The “Knokke” of the title is Knokke-sur-Mer, a Belgian seaside village, where the hugely influential French-Danish Impressionist stayed in the summer of 1894 and produced 14 paintings, including this one. The village, Sotheby’s says, appealed to Pissarro’s “enduring interest in provincial life.” In this work, “staccato brushstrokes, reminiscent of Pissarro’s paintings of the 1880s, coalesce with the earthy color palette of his later work.

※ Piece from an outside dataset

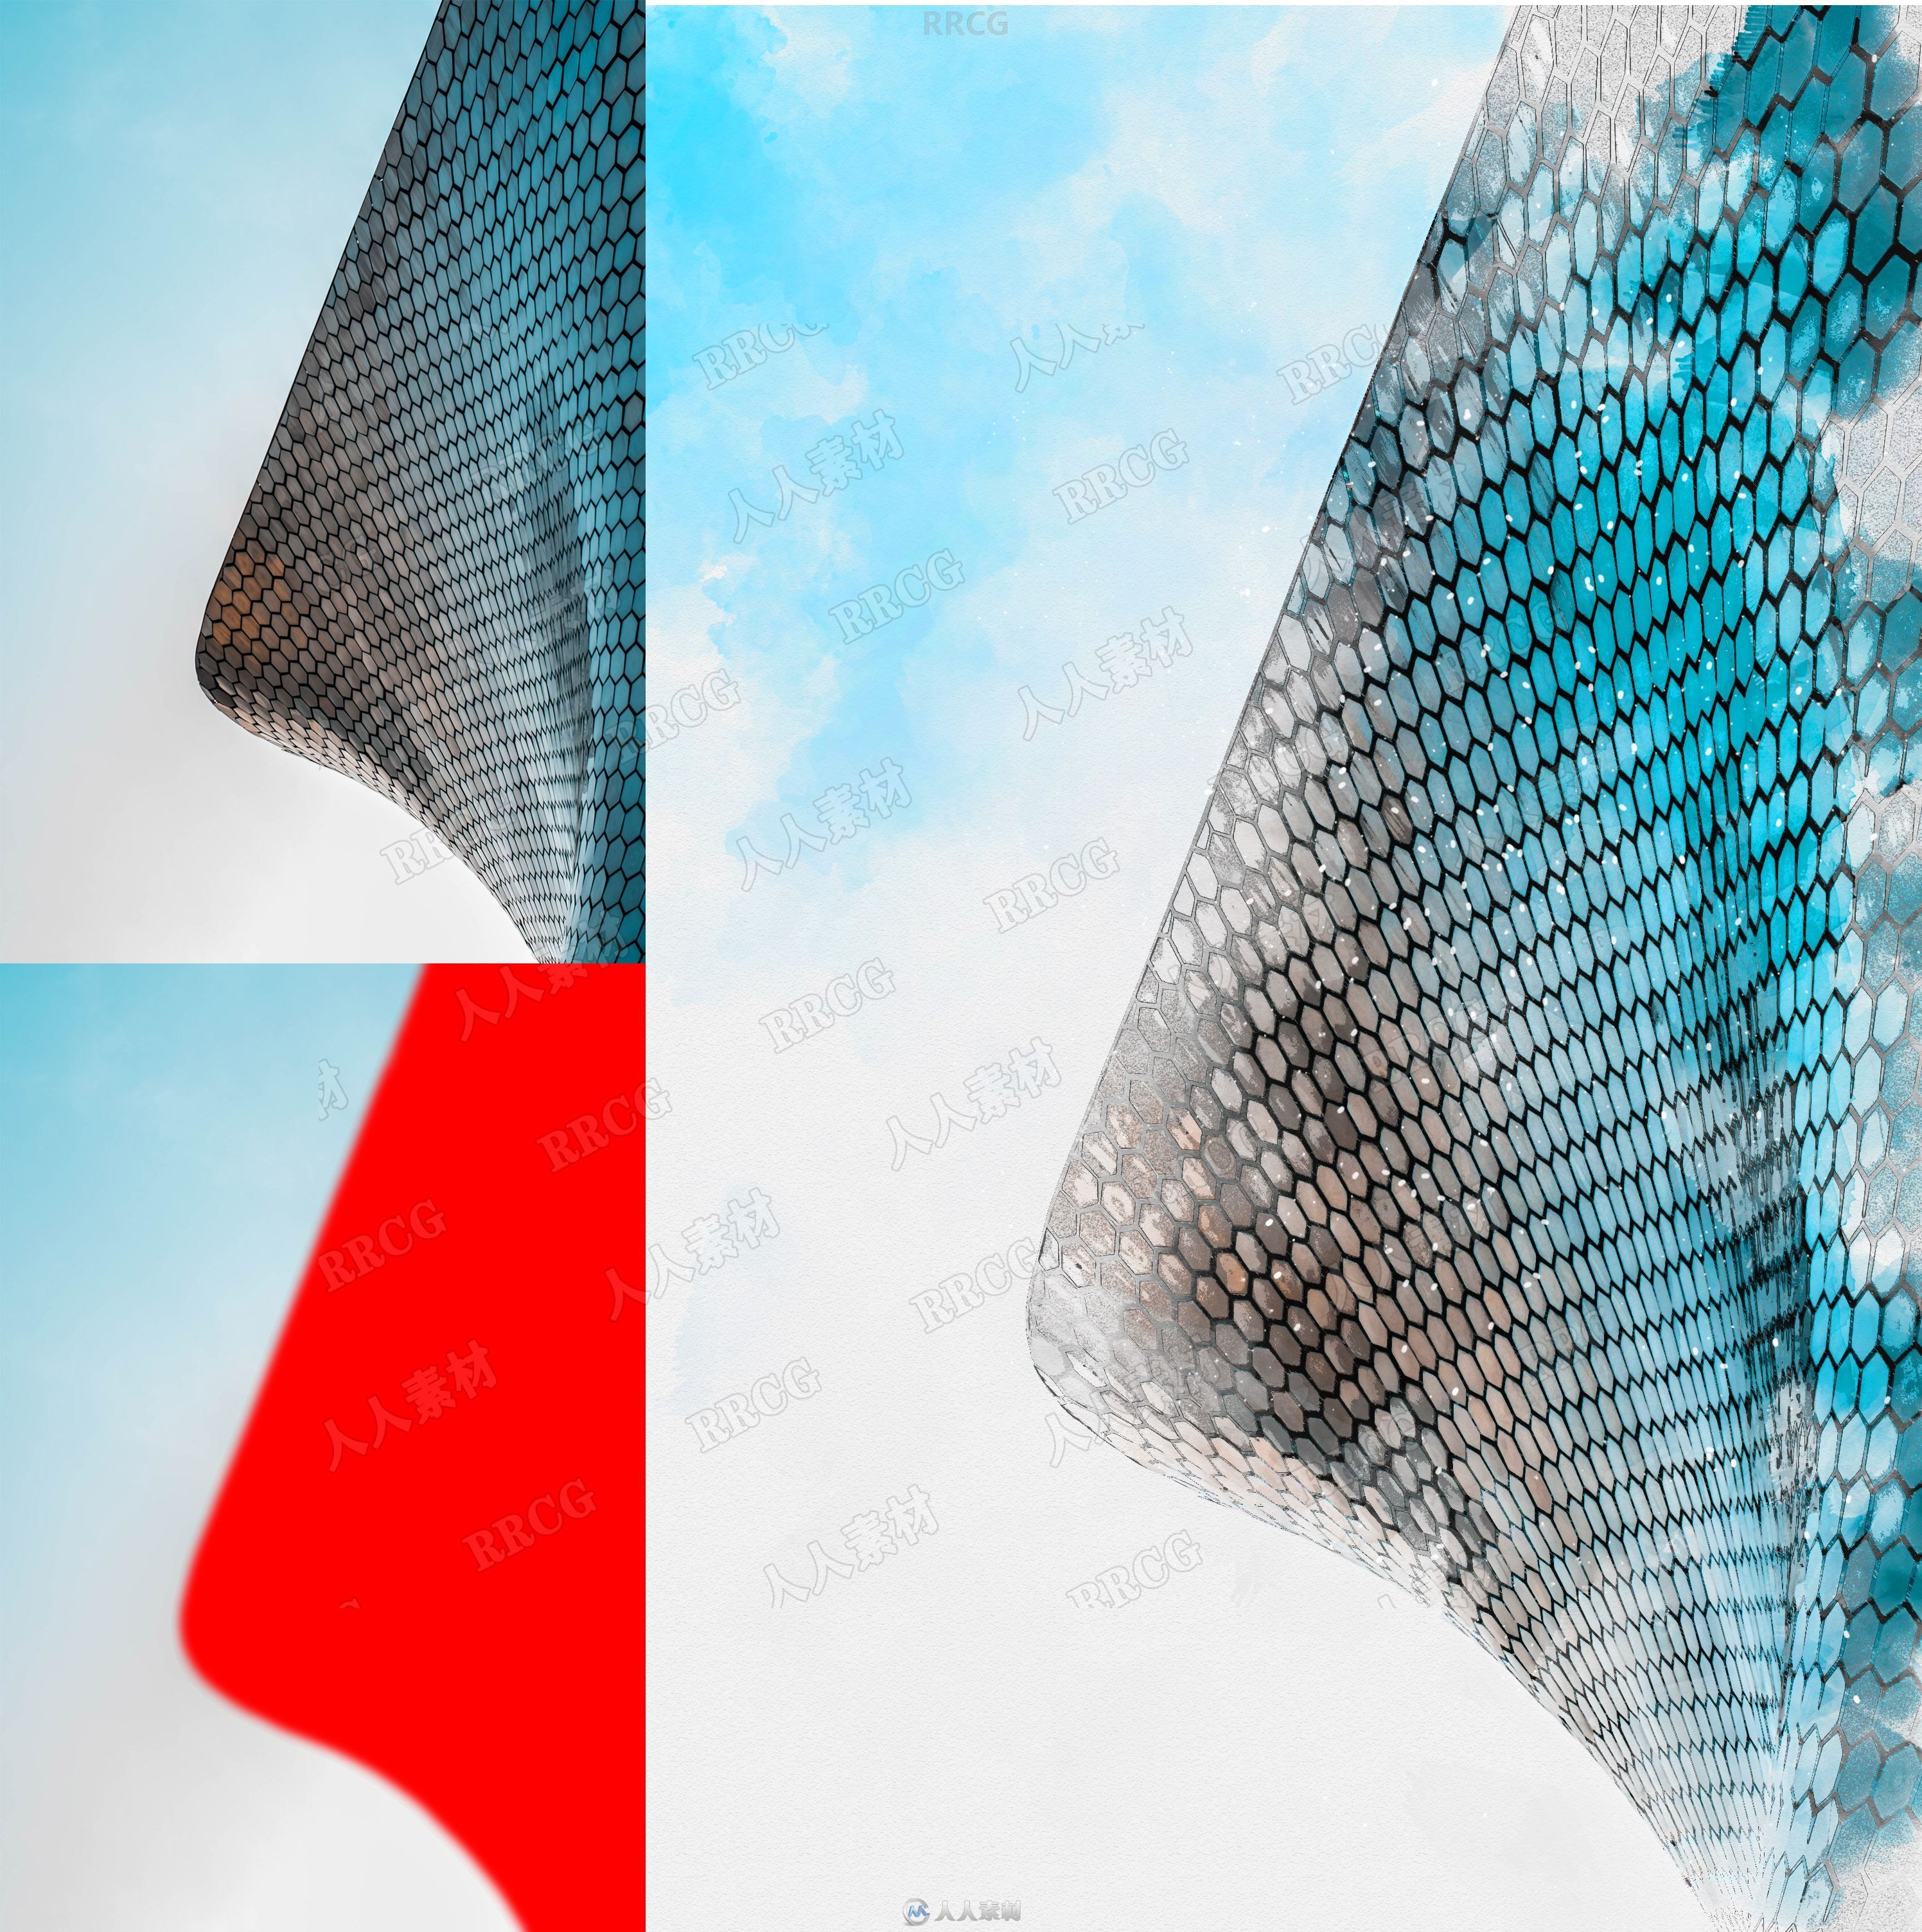 逼真写实现代建筑场景水彩画效果艺术图像处理特效PS动作

The resulting landscape, bathed in a sunlit glow, celebrates the quaint rural environments for which (he) is best known.” 

David Hockney 

‘5 May’ 

This iPad drawing comes from the celebrated English artist’s 2011 series “Arrival of Spring in Woldgate, East Yorkshire in 2011,” which Sotheby’s describes as “one of the artist’s most vibrant and ambitious explorations of landscape, perception, and technological possibility.” Each image in the series documents “subtle shifts in color, light and atmosphere” on the same stretch of the Woldgate, “showing the landscape as something experienced over time rather than frozen in an instant.” The catalogue notes that spring has long been an inspiration for European artists, but says that “no artist has ever observed it so closely, with such fascinated and loving attention, nor recorded it in such detail as an evolving process.” 

Zarina  

‘Morning’ 

Sotheby’s describes Indian artist Zarina Hashmi — known by her first name — as “one of the most compelling figures in post-war international art — an artist whose spare, meditative works distilled the tumult of a peripatetic life into visual form.” She was born in Aligarh, British India, and “the tragedy of the 1947 Partition (shaped) a lifelong meditation on the nature of home as both physical place and spiritual concept.” This piece comes from a series of 36 woodcuts Zarina produced under the title “Home is a Foreign Place.” 

George Condo 

‘Untitled’ 

This 2016 oil-on-linen painting is the perfect example of what the US artist has called “psychological cubism,” which Sotheby’s defines as “a radical reconfiguration of the human figure that fractures identity into simultaneous emotional and perceptual states.” It’s a piece that “distills decades of inquiry into the mechanics of portraiture, drawing upon art-historical precedent while decisively asserting a contemporary idiom that is at once incisive and darkly humorous,” the catalogue notes, adding that the work is “searing with psychological tension and painterly bravura.”